The Fallacy of Minimizing Cumulative Regret in the Sequential Task Setting
This work addresses a practical issue in RL for fields like healthcare, where human-in-the-loop decisions cause non-stationarity, but it is incremental as it builds on prior stationary environment results.
The paper tackles the problem of balancing cumulative regret (CR) and simple regret (SR) in sequential reinforcement learning tasks with non-stationarity, showing that non-stationarity leads to a stricter trade-off requiring excessive exploration and a CR bound worse than the typical optimal rate of T^{1/2}.
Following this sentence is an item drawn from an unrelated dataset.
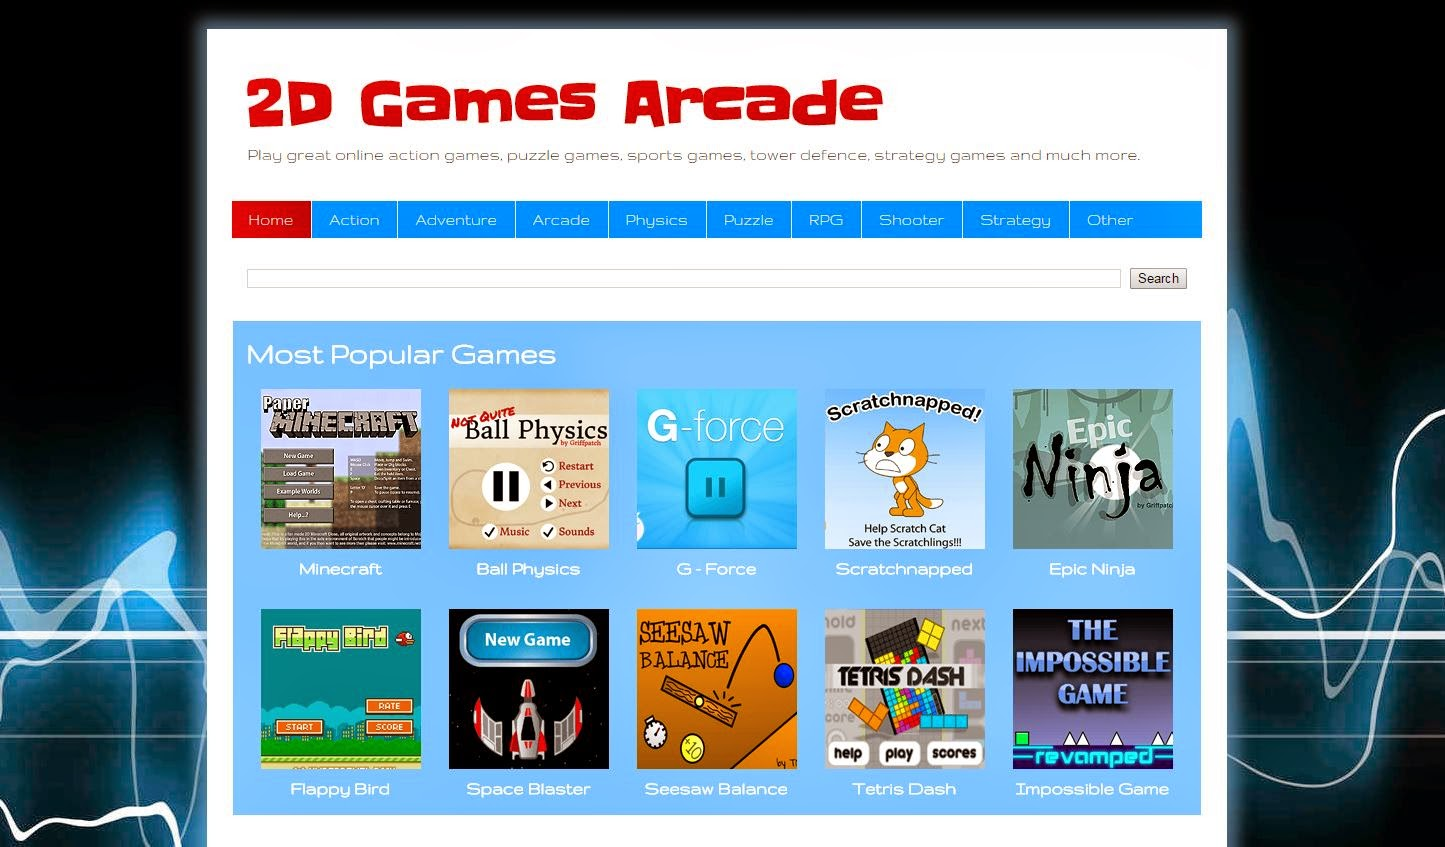 2D Games Arcade Website

Online Reinforcement Learning (RL) is typically framed as the process of minimizing cumulative regret (CR) through interactions with an unknown environment. However, real-world RL applications usually involve a sequence of tasks, and the data collected in the first task is used to warm-start the second task. The performance of the warm-start policy is measured by simple regret (SR). While minimizing both CR and SR is generally a conflicting objective, previous research has shown that in stationary environments, both can be optimized in terms of the duration of the task, $T$. In practice, however, in real-world applications, human-in-the-loop decisions between tasks often results in non-stationarity. For instance, in clinical trials, scientists may adjust target health outcomes between implementations. Our results show that task non-stationarity leads to a more restrictive trade-off between CR and SR. To balance these competing goals, the algorithm must explore excessively, leading to a CR bound worse than the typical optimal rate of $T^{1/2}$. These findings are practically significant, indicating that increased exploration is necessary in non-stationary environments to accommodate task changes, impacting the design of RL algorithms in fields such as healthcare and beyond.